Bagna Cauda

A Warm’ Bath” of Anchovies, Garlic, and Olive Oil

Preparation info

  • Difficulty


Appears in

The Cuisine of the Sun

By Mireille Johnston

Published 1990

  • About

This sauce is a delectable accompaniment to crisp raw vegetables (see Crudités et Bagna Cauda). It can be heated and poured over room-temperature leftover slices of meat (from an abundant pot-au-feu, for instance) to make a zesty dish.


  • 12 whole anchovies
  • 3 slices of bread, with crust removed
  • 3 tablespoons milk
  • 2 garlic cloves
  • 1 cup olive oil
  • ½ teaspoon freshly ground black pepper
  • 1 tablespoon butter


Wash the anchovies and fillet them (discard the backbones and tails). Place the bread in a bowl, pour the milk on it, and mash it with a fork.
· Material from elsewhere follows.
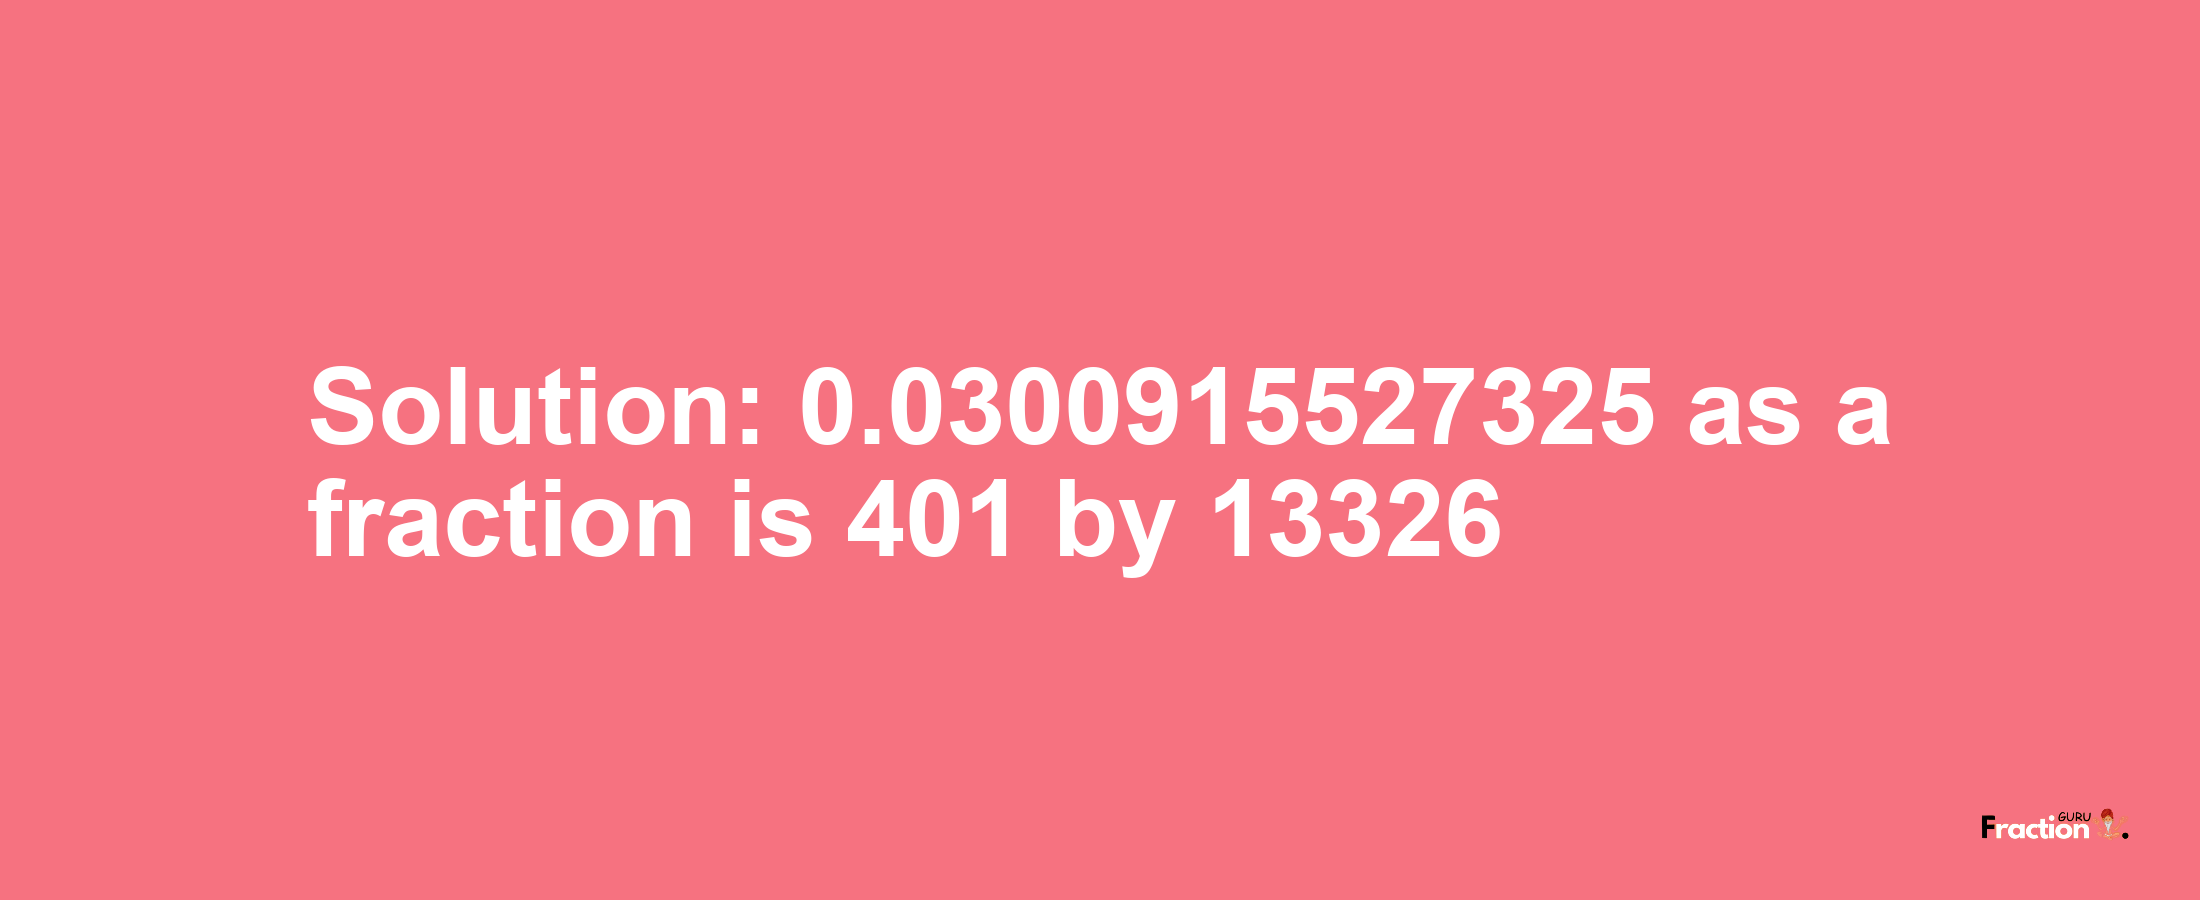 Solution:0.0300915527325 as a fraction is 401/13326

Squeeze out the excess liquid and set aside.

Place the anchovy fillets in a mortar or bowl and mash them with a pestle or fork. Pass the garlic through a garlic press and add to the anchovy paste. Add the bread paste, and stir and pound. Slowly beat in the olive oil and pepper to make a smooth sauce.

Heat the butter in a small saucepan over a low flame. Add the anchovy-and-bread mixture. Heat gently while stirring, making sure not to let it smoke.

Pour into a flameproof pot and place over low heat. The guests will dip the vegetables in the warm sauce either with fingers or with a fork (as for fondue).